The MockRDD equivalent is:

from mockrdd import MockRDD

from invalid_callable import count_distinct_servers

logs = ['server0,1539015865,127.0.0.1,/index.html',
        'server0,1539015866,127.0.0.1,/index.html']

results = count_distinct_servers(MockRDD.from_seq(logs))
print(results)

 

Which gives us the following error while constructing the RDD.

Traceback (most recent call last):
File “invalid_callable.py”, line 10, in count_distinct_servers
.map(‘server_name’) # should be itemgetter(‘server_name’)
TypeError: ‘server_name’ is not callable

 

The stack trace now includes the specific place in which we passed in the non-callable object.

Example: Ensuring Sequences are Provided in “Flat” Operations

Another type of sanity check concerns operations that are expected to return a sequence; e.g., RDD.flatMap. Consider the following case where we accidentally use flatMap instead of map.
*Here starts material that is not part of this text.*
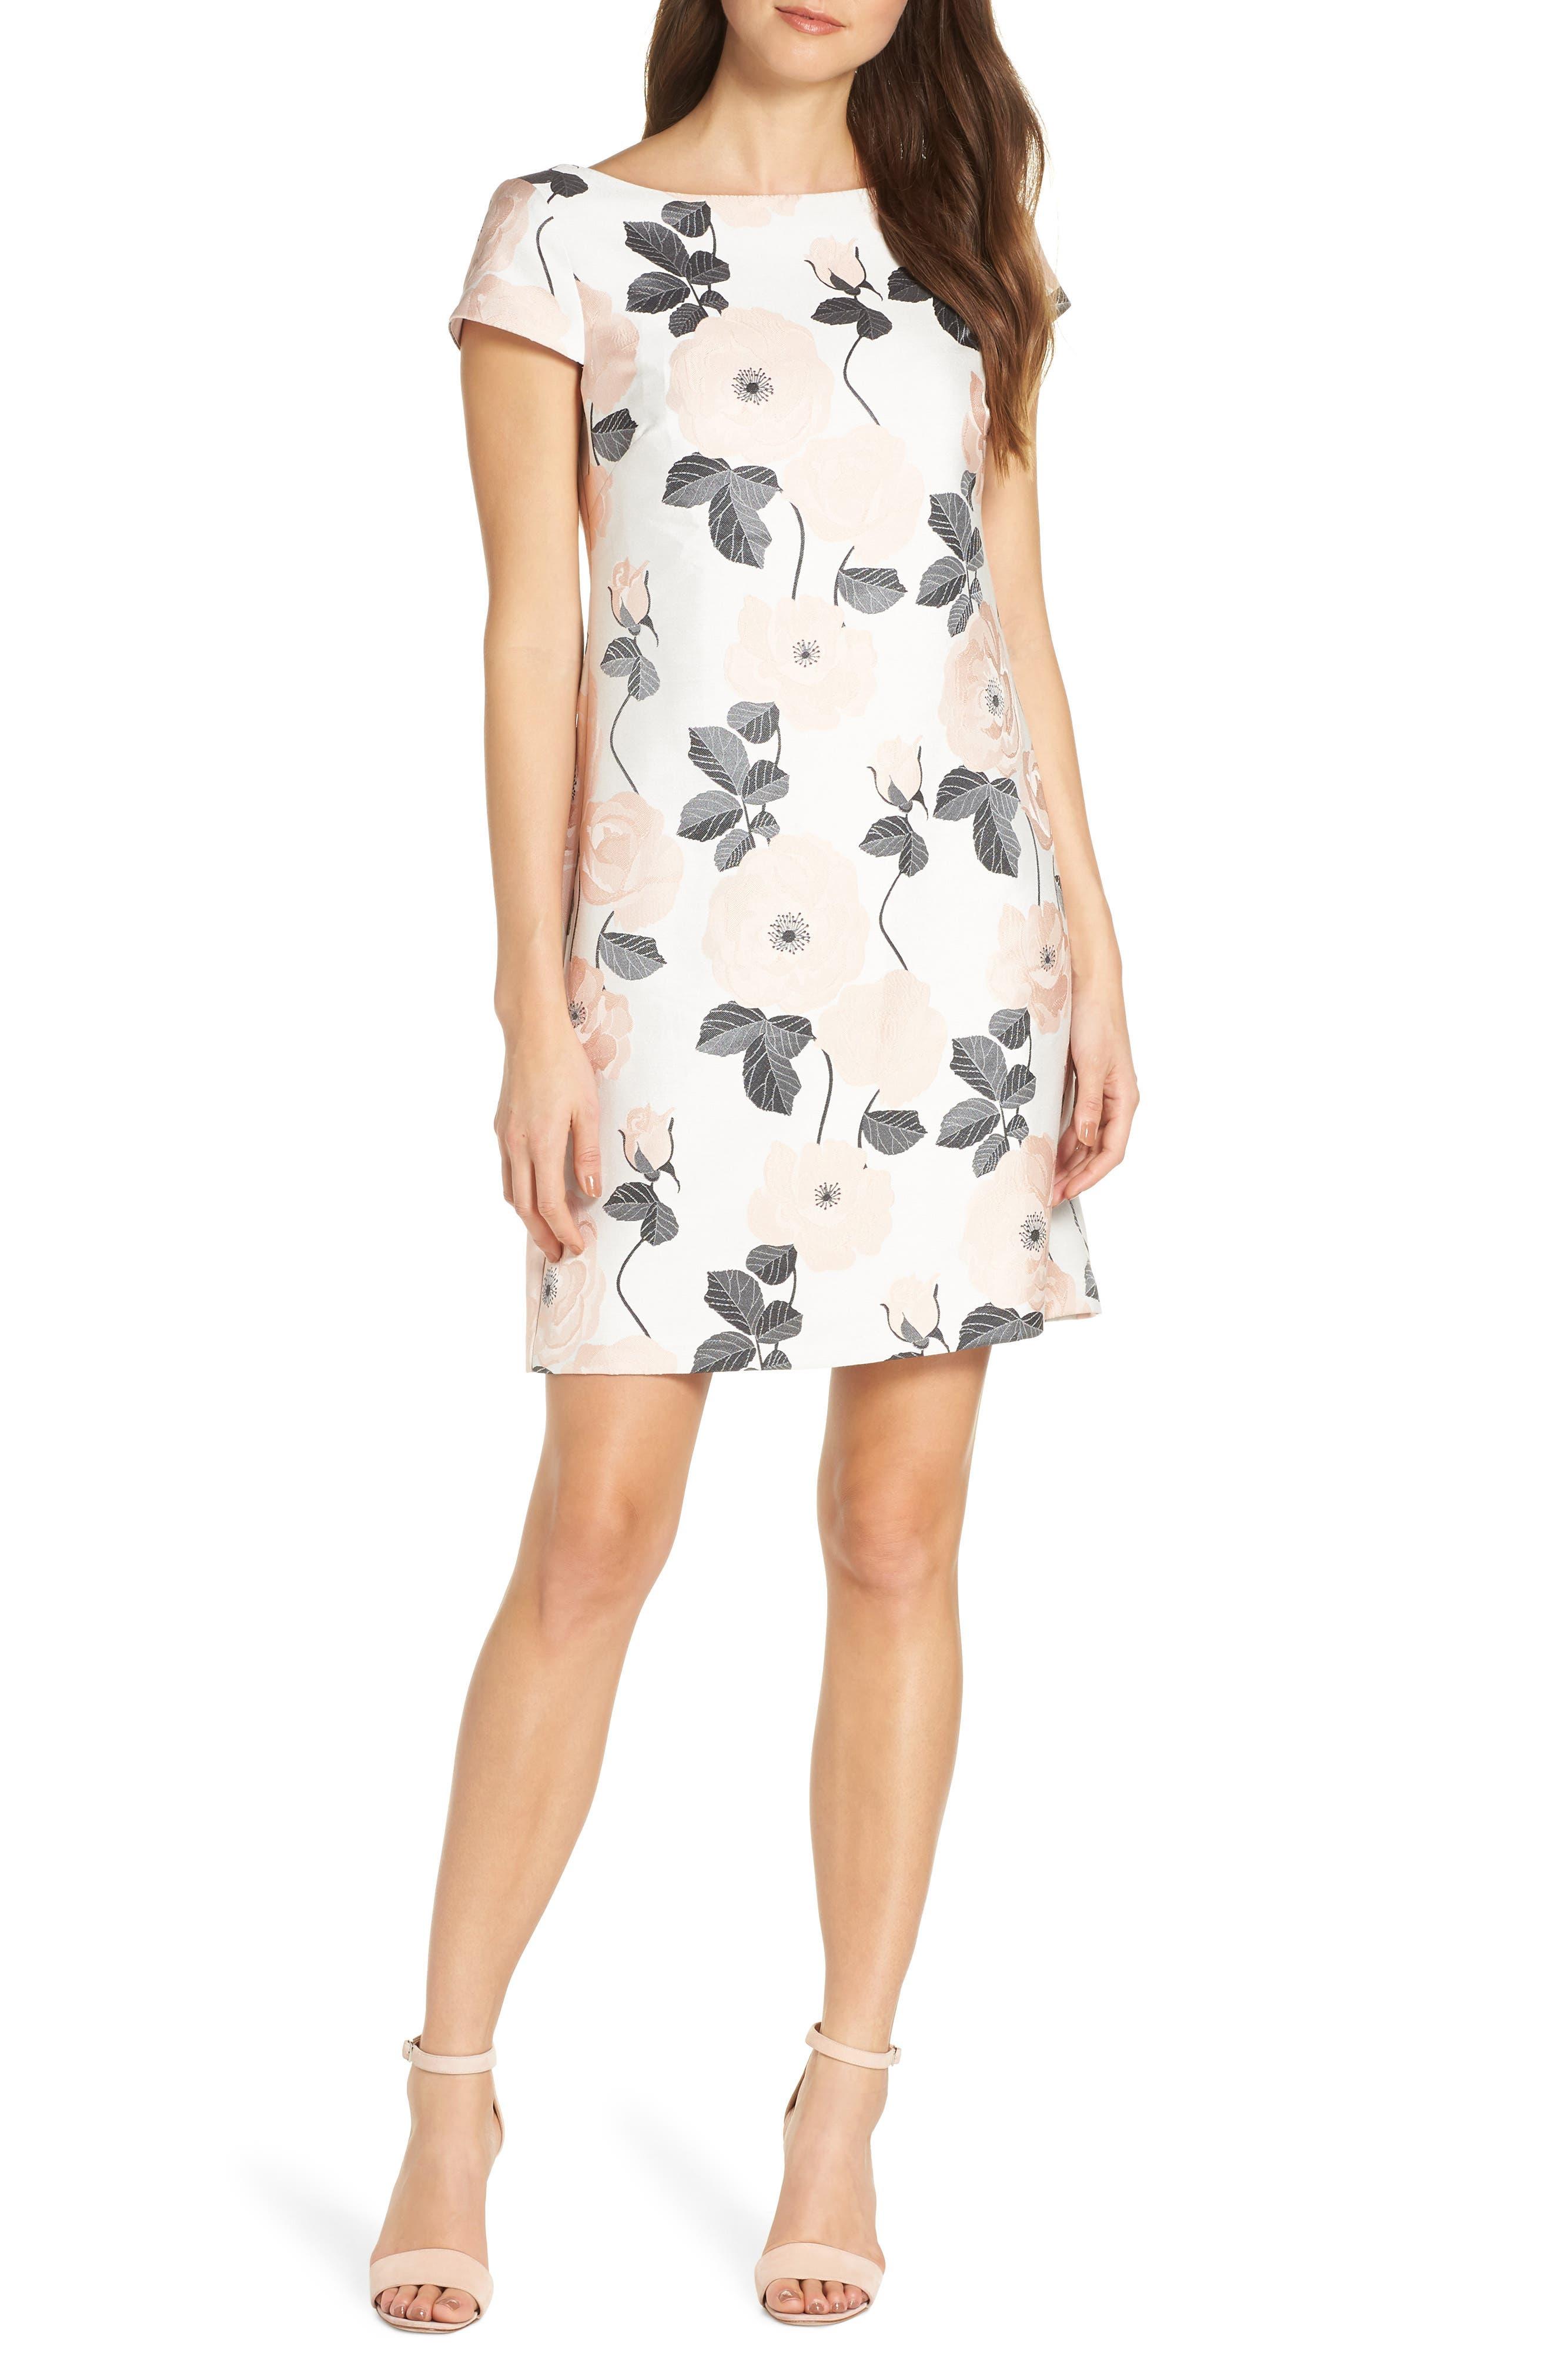 Vince Camuto Floral Jacquard Shift Dress, White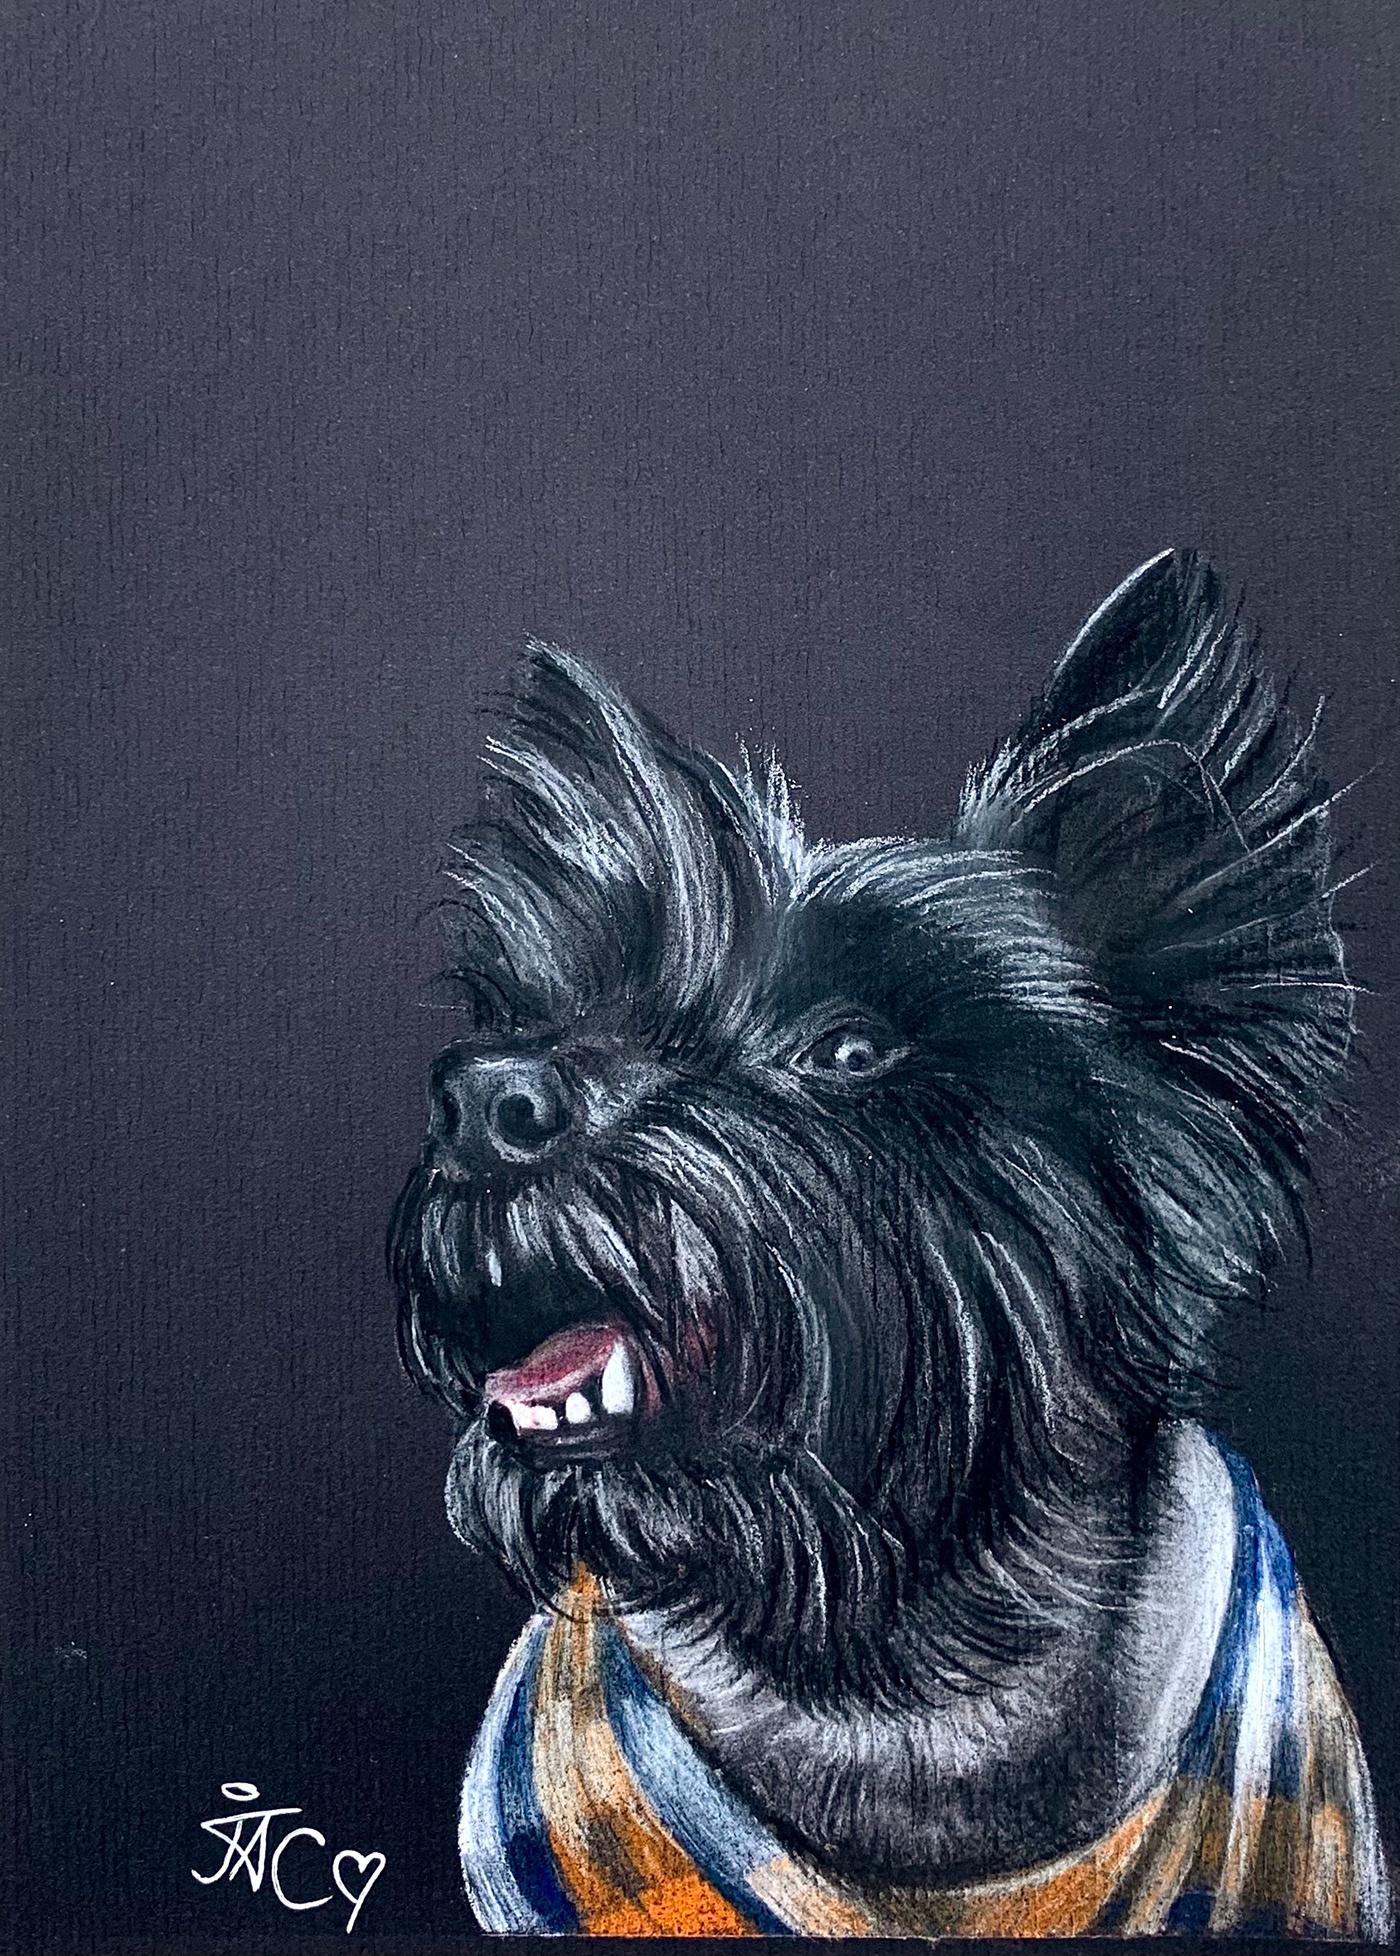 Cat dog family hand drawn Hand Painted horse paint Painted pastel pencil Pet pony portrait rabbit

from operator import itemgetter
from pyspark import RDD

from util import parse_log_entry

def count_distinct_timestamps(rdd: RDD) -> int:
    return (rdd
            .map(parse_log_entry)
            .flatMap(itemgetter('timestamp'))
            .distinct()
            .count())

 

Using similar testing code as the previous example, the PySpark error message is:

TypeError: ‘datetime.datetime’ object is not iterable

Whereas the MockRDD error message is:

TypeError: datetime.datetime(2018, 10, 8, 9, 24, 25) returned by operator.itemgetter(‘timestamp’) is not iterable

Again, the improved error messages make it easier for us to debug issues.

Running with PDB

Another benefit of MockRDD is that it’s straightforward to use within the Python debugger, pdb. This is not straightforward for PySpark in local mode, because the executor runs the code in a separate Python process.

python -m pdb mockrdd_test_invalid_key_value_pairs.py
> /Users/matt/ds/mockrdd/examples/mockrdd_test_invalid_key_value_pairs.py(1)<module>()
-> from mockrdd import MockRDD
(Pdb) c
Traceback (most recent call last):
ValueError: (‘server0’, ‘127.0.0.1’, ‘/index.html’) is not a key/value pair
Uncaught exception. Entering post mortem debugging
Running ‘cont’ or ‘step’ will restart the program
> /Users/matt/ds/mockrdd/mockrdd/__init__.py(61)unpack_key_value_pair()
-> raise ValueError(f”{entry} is not a key/value pair”)
(Pdb)

This allows you to interactively inspect your running code using breakpoints and catching exceptions.

Speed

There is a certain overhead with using PySpark, which can be significant when quickly iterating on unit tests or running a large test suite. In these examples, the PySpark local mode version takes approximately 5 seconds to run whereas the MockRDD one takes ~0.3 seconds.

Conclusions

We’ll hope you find MockRDD useful for testing your PySpark code. Let us know if you have any ideas for how we could improve upon MockRDD. Pull requests are certainly welcome.